Here, Martínez discusses his research and experiences in the Department of Brain and Cognitive Sciences:
What was the journey that brought you to MIT?
The journey started when I was in law school. I was as interested in legal doctrine, particularly how it was interpreted and drafted. I thought that to get more clarity on those issues, it would be useful to learn more about human cognition. I took a couple of classes here at MIT, including one with Ted Gibson, who is now my advisor. We started working on a project related to just that -- how legal language is interpreted by people. We enjoyed working together, and afterward, Ted encouraged me to apply for the graduate program here.
I didn't know this at the time, but when I signed up for the class, Ted had been thinking about legal language for a long time. It was kind of serendipitous that I was also interested in studying it from an empirical perspective. At that time, though, I didn't have any sense of how I could leverage my skills and connect these areas. In Ted's class, it started to become clear how different tools could be applied to law. Ted is such an open-minded researcher. He saw the same potential that I did and was immediately a willing collaborator.
What has been the focus of your research?

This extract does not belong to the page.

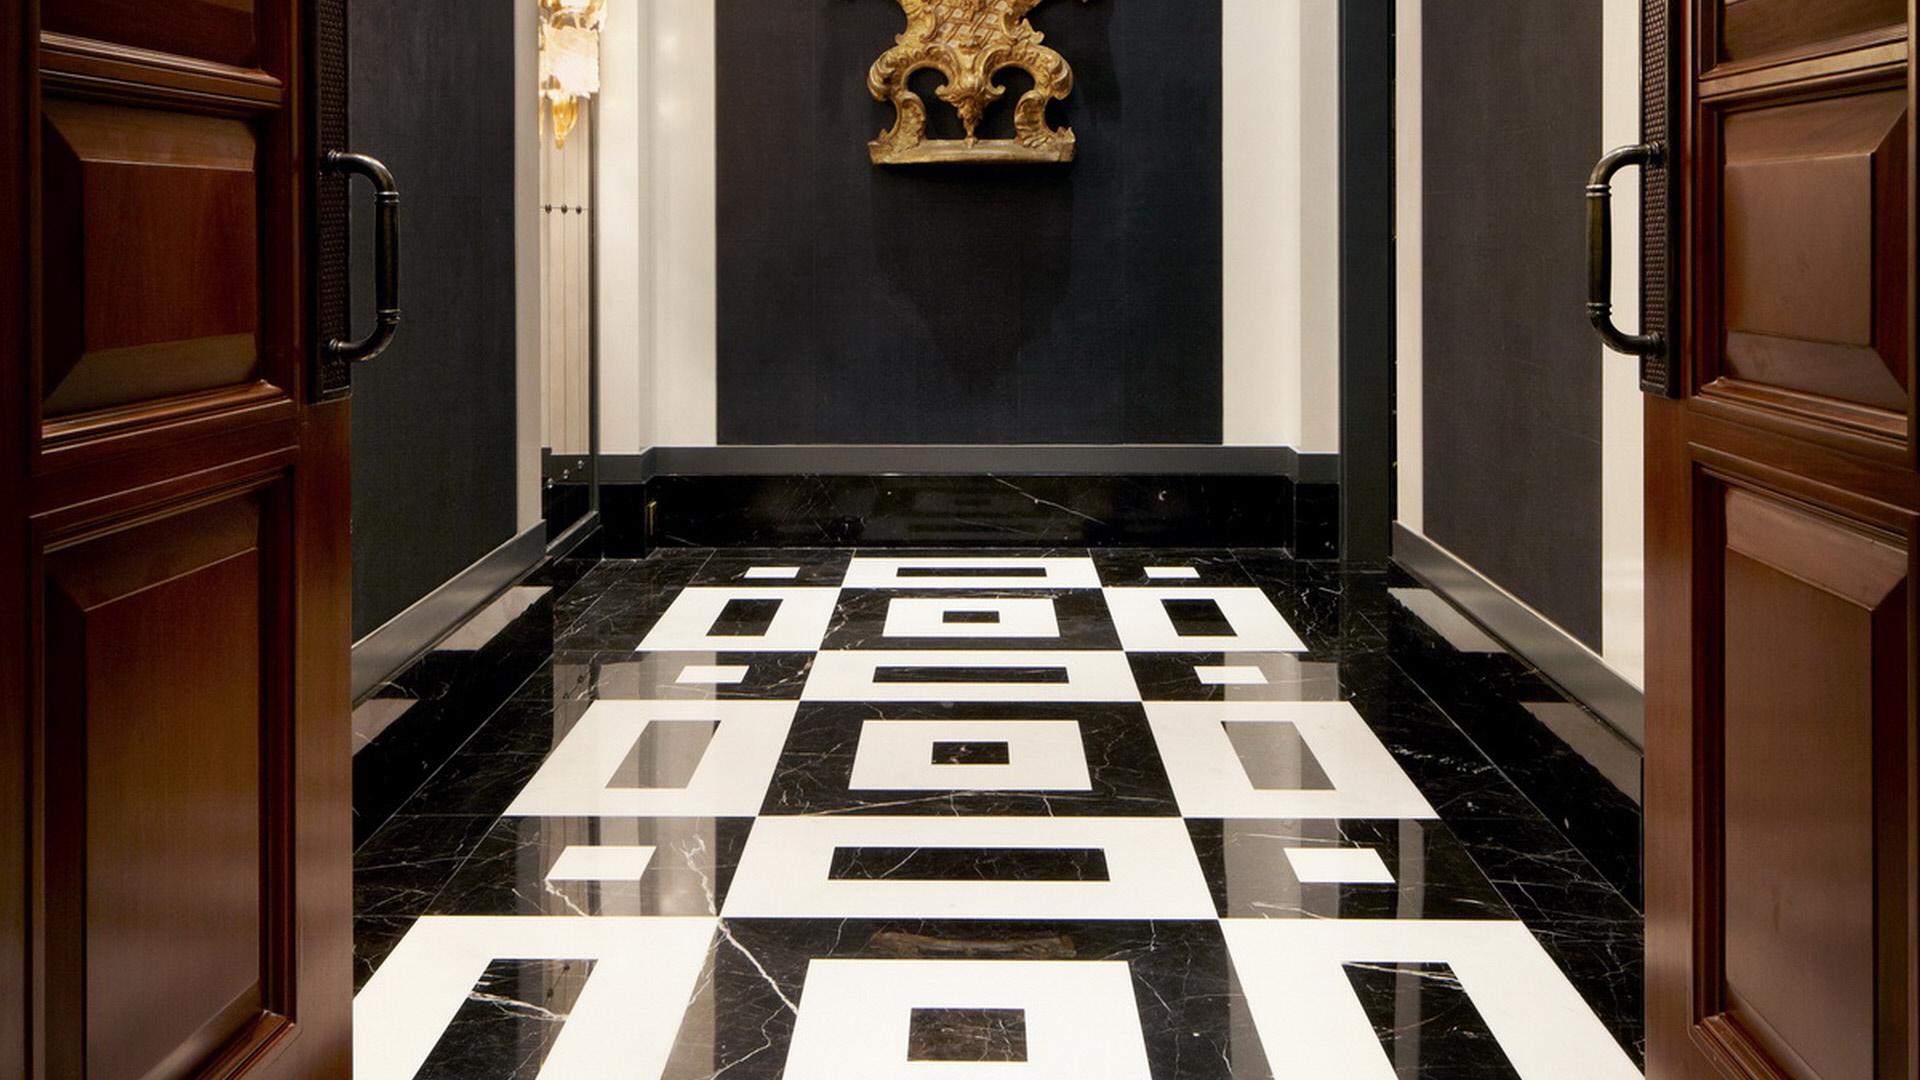 Velkoplošné dekory | Speciální výroba | Koupelny ČERO

The big question we've been working on surrounds the complexity of the law and legal language. How and why is it that laws are complicated for lawyers and nonlawyers to understand, and why? We’ve written some papers on this topic. More recently, I've been interested in what that complexity looks like in the brain. How is legal language different from ordinary language in how it's processed? And also, what does it look like when we're reasoning about the law, cognitively and neurally?

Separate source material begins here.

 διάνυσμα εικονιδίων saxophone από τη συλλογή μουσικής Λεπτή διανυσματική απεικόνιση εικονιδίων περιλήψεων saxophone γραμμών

How are you going about answering these questions?
One of the first steps was to just figure out: What does legal language look like? And a method that we used was something called corpus analysis, where we just looked at a bunch of legal documents, laws and contracts, and analyzed them for a wide variety of linguistic features based on prior theoretical work by others that looked at the features that characterize legal language, and what it is that makes it difficult to understand. We used computational corpus analysis for that. The second step was to figure out which of those features make it hard to understand. And for that, we have used behavioral experiments.
The next step was to see why it is written this way. There are legal doctrines that either expressly dictate or implicitly assume that laws need to be understandable to those who are required to comply with them, so this question has a lot of interesting and important legal implications.

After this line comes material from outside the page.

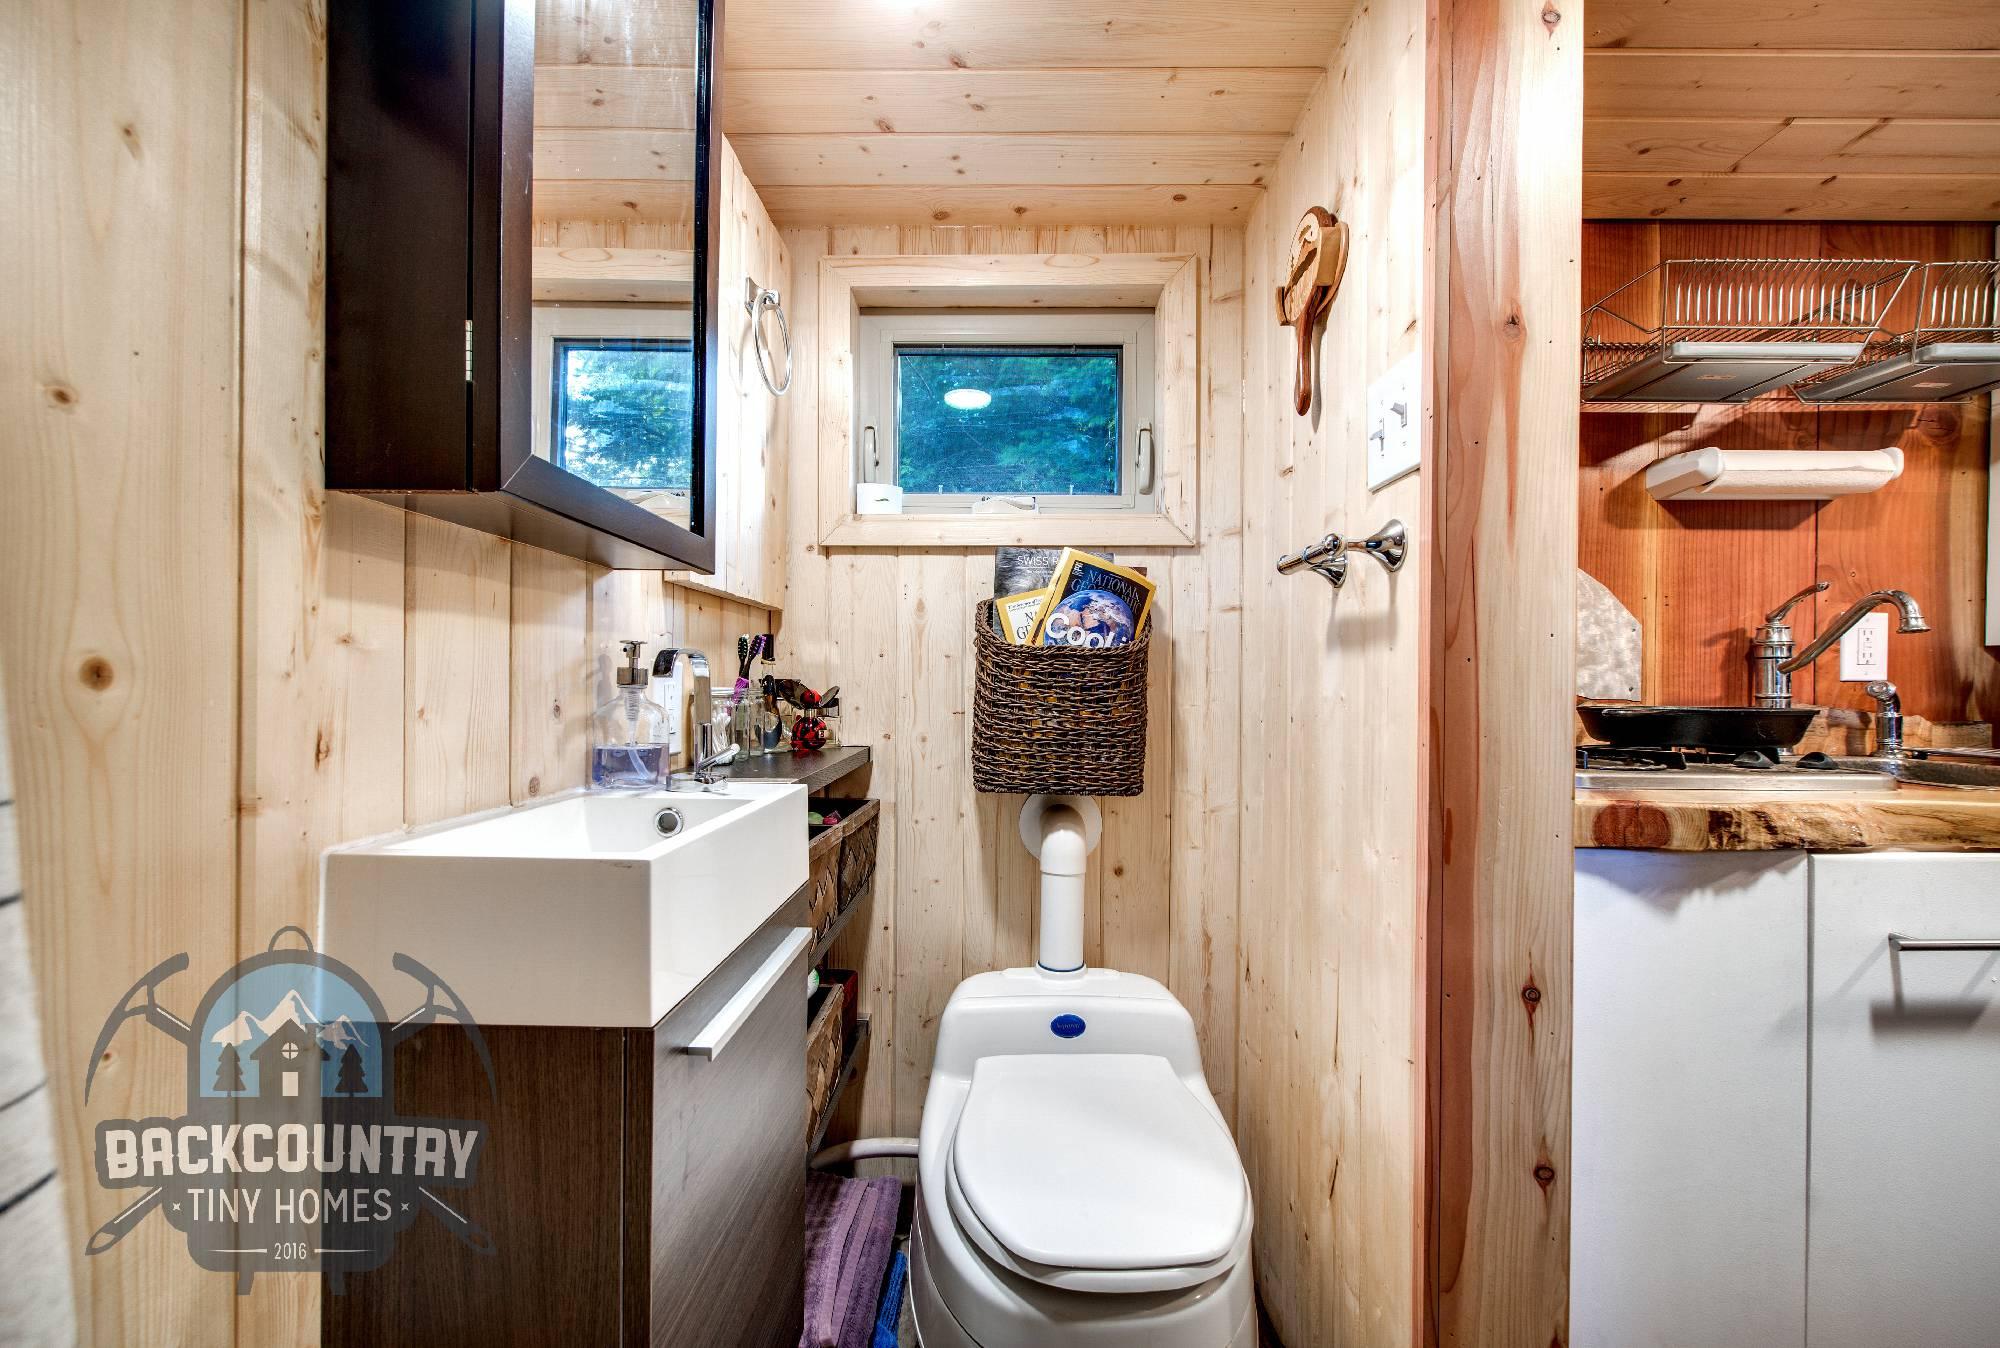 Backcountry Basecamp Tiny House bathroom 2

From a policy standpoint, there have been efforts to try to simplify legal documents for the public at large. And one of our projects has been trying to figure out to what extent those have been effective. It turns out that they haven't. But just regardless of the results, it's important to see to what extent they have been effective. From a cognitive science perspective, a lot of Ted's work and others have shown that language in general is optimized for communicative efficiency. In legal language, that doesn't seem to be the case. Beyond the field of law, figuring out why this is the case can offer insight into the role of language and what it's designed for.
What are some of the potential future benefits of this research?
Empirical methods of corpus analysis are entering into legal practice. Judges at the highest levels – the appellate level and the Supreme Court – have been appealing to corpus analyses or experiments as a way to get at the meaning of legal text, both old legal texts like the Constitution, and also just laws passed more recently. So, there’s clearly a benefit if these methods can be improved.
In terms of societal benefits, the law does not need to be so needlessly esoteric. I think there is a potential to simplify law so people understand the laws that they're supposed to comply with. Large language models and AI systems offer a potentially promising method of being able to simplify legal text, possibly even eventually in official capacities.
How has your time at BCS prepared you for the future?
I came to graduate school largely to develop an empirical toolkit to answer those surrounding law and cognitive science. It’s been unquestionably successful. I feel very confident I can go and apply my skills to questions to study questions related to how lawyers and non-lawyers understand and apply the law and the implications of that for broader questions of law and cognitive science.
Martínez was among the presenters at Brains on Brains, the Department of Brain and Cognitive Sciences' biennial symposium.